**Data supplied**
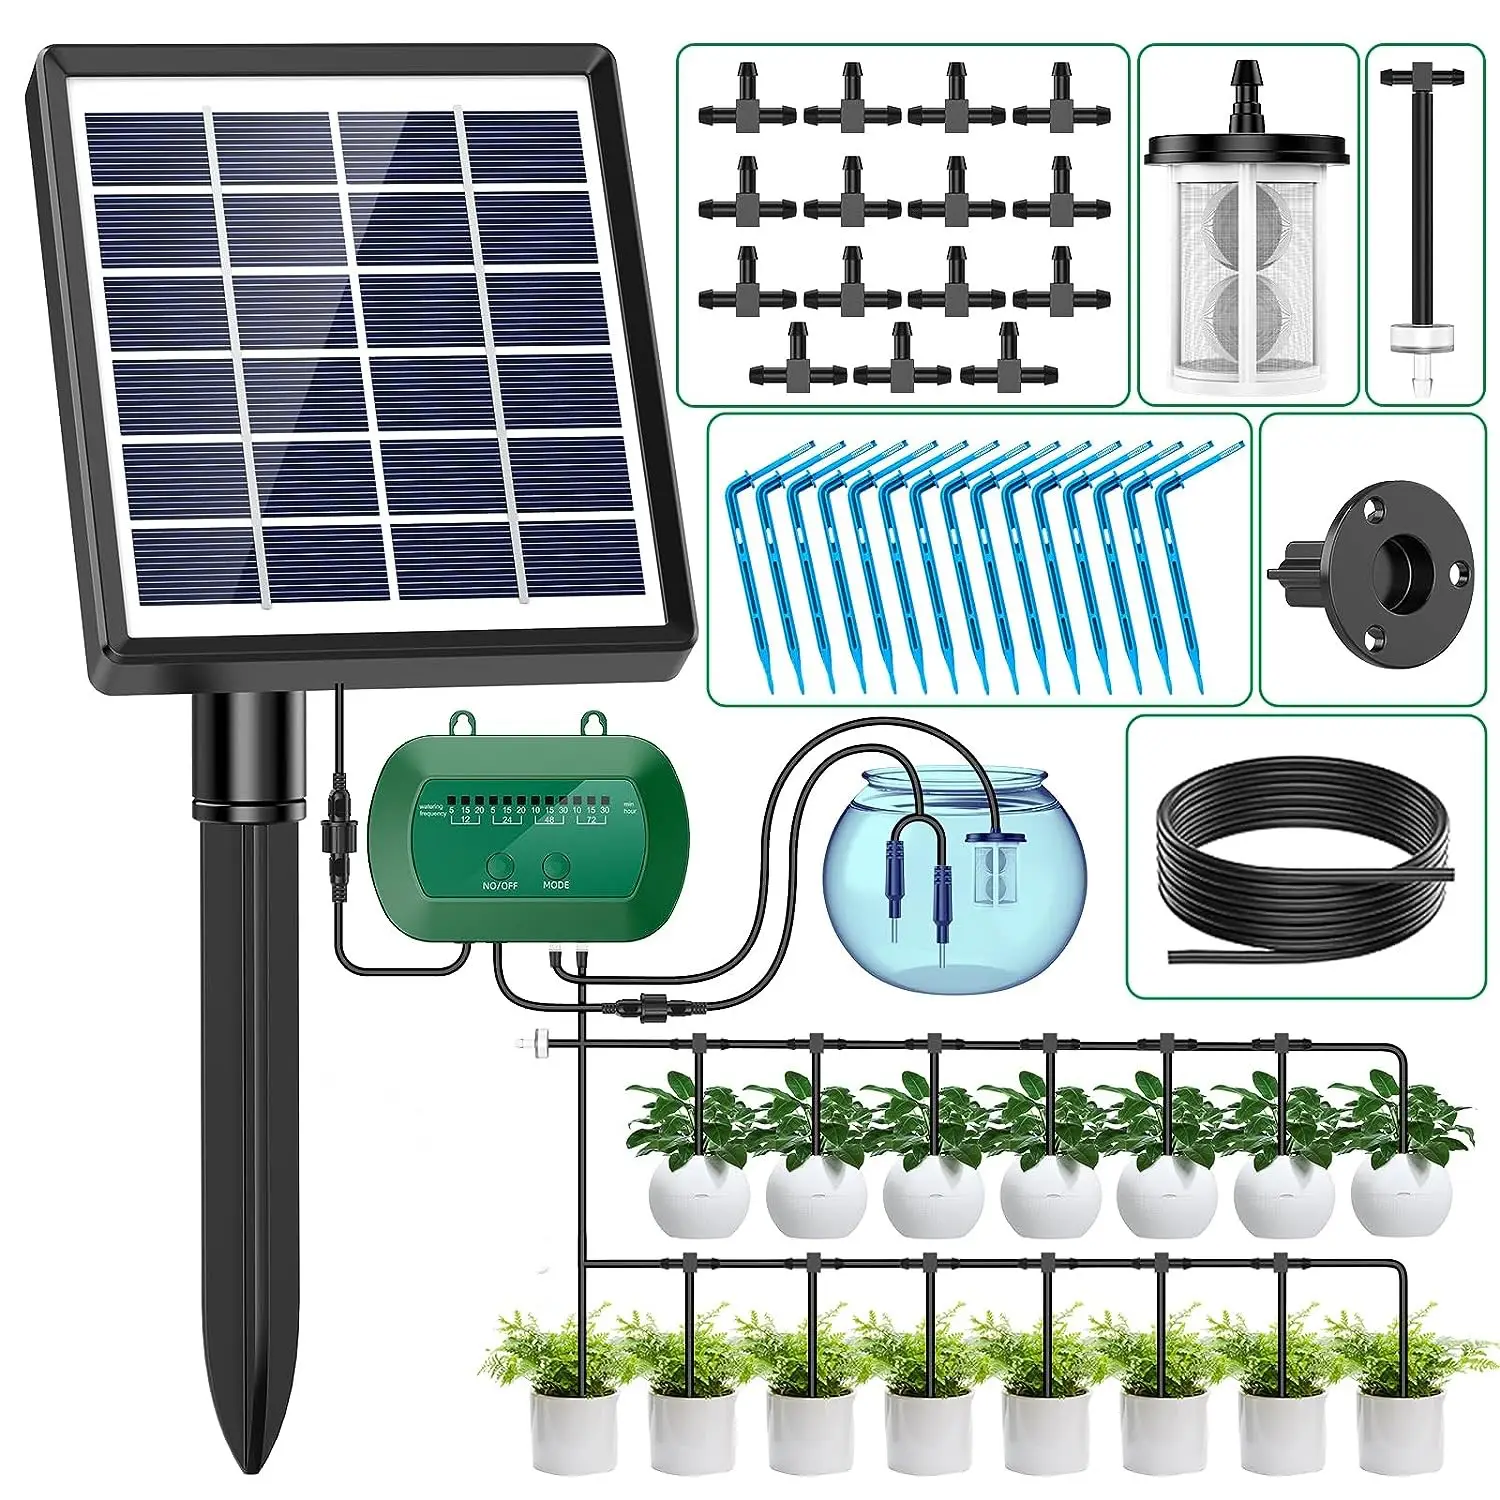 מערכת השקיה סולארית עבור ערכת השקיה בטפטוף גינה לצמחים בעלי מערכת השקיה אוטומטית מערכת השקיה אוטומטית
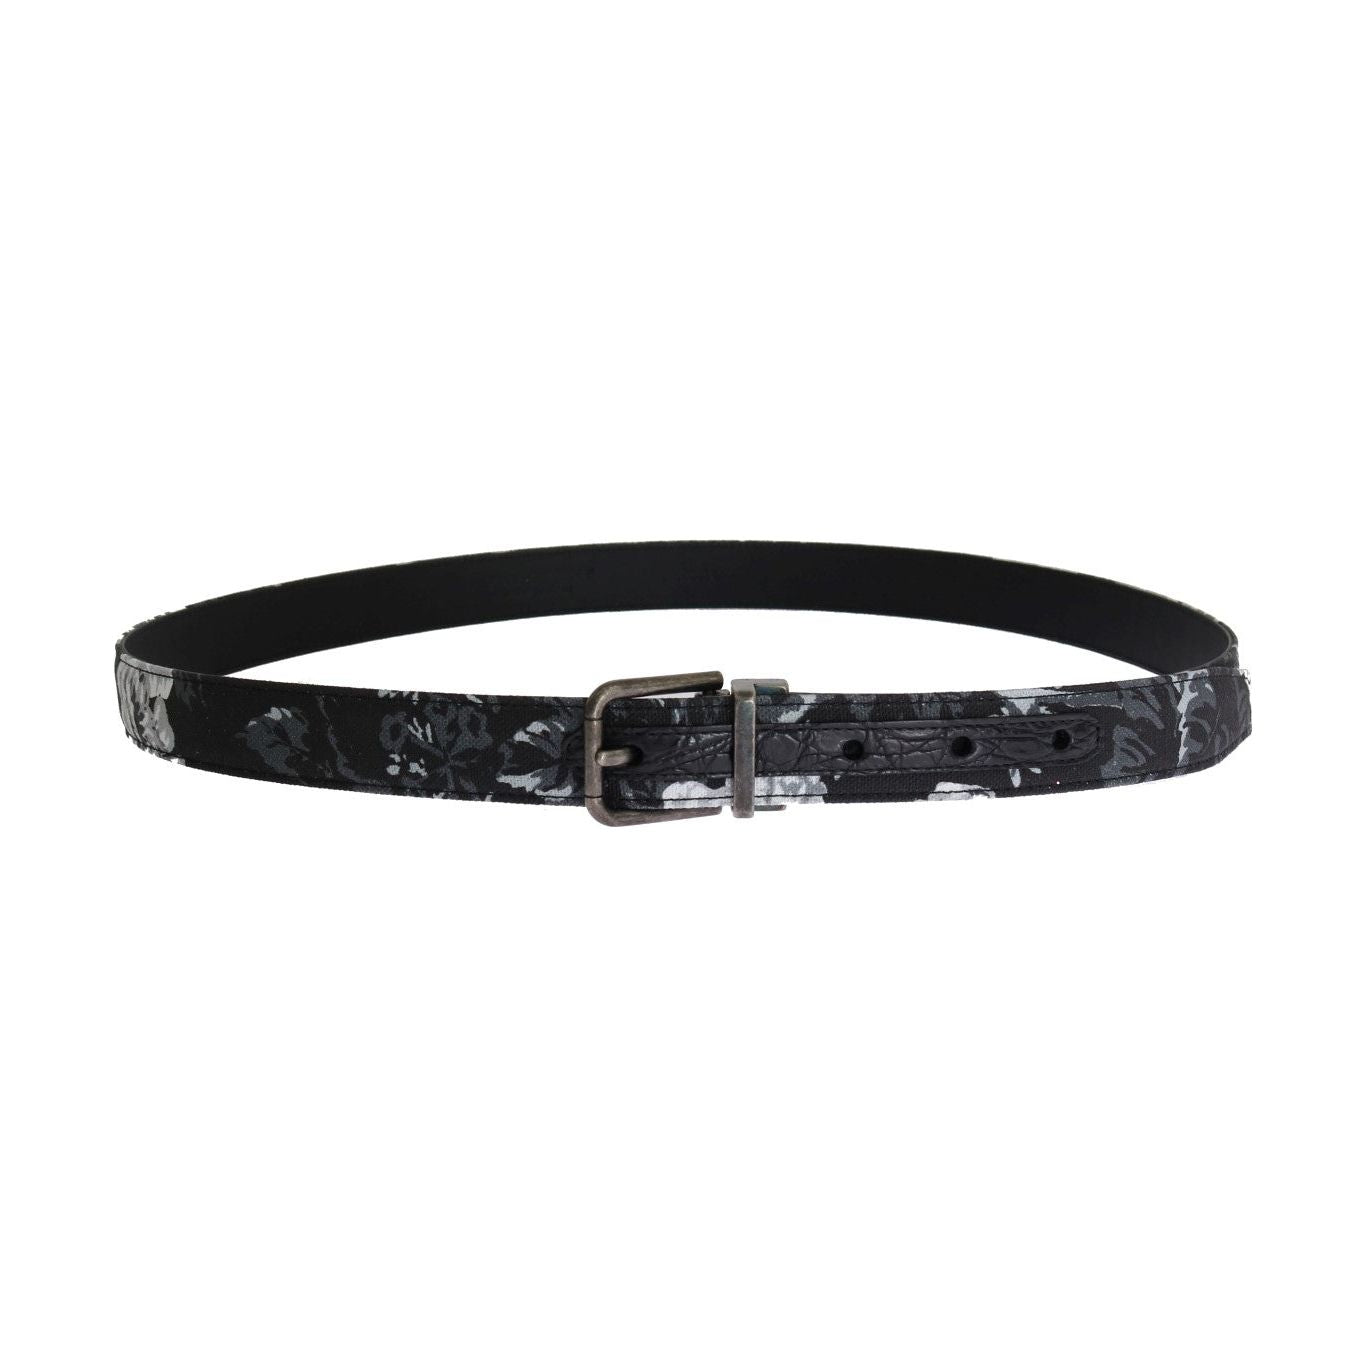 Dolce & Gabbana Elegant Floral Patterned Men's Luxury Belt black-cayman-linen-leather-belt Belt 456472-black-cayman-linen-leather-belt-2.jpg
...
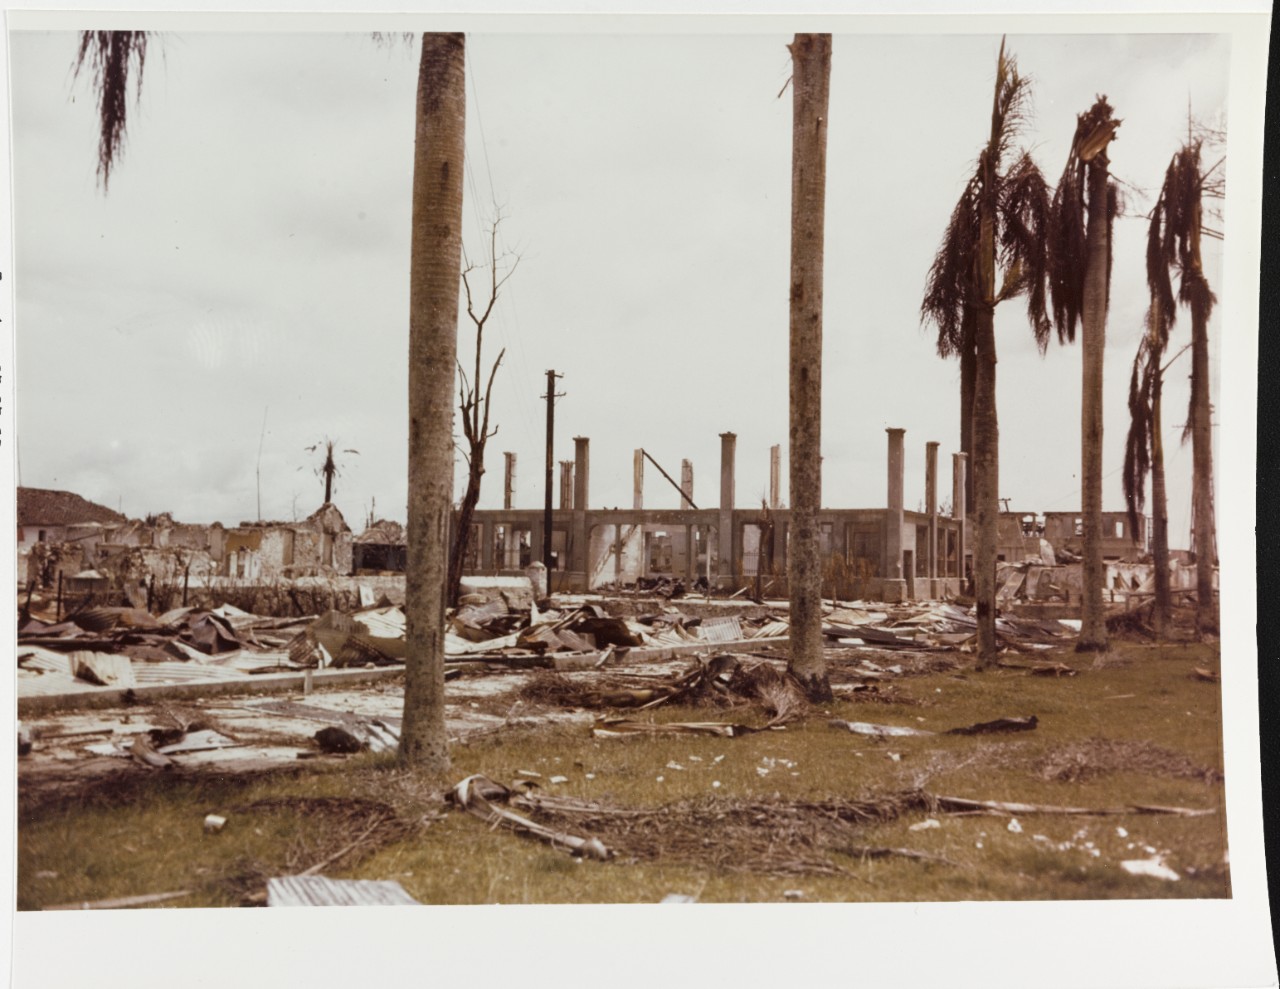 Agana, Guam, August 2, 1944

**Problem**
An exact copy of the lines above from the one with "מערכת השקיה סולארית" up to and including the one with "Dolce & Gabbana" is required; reproduce only those lines, omitting all pictures.

**Result for this exercise**
 מערכת השקיה סולארית עבור ערכת השקיה בטפטוף גינה לצמחים בעלי מערכת השקיה אוטומטית מערכת השקיה אוטומטית
 Dolce & Gabbana Elegant Floral Patterned Men's Luxury Belt black-cayman-linen-leather-belt Belt 456472-black-cayman-linen-leather-belt-2.jpg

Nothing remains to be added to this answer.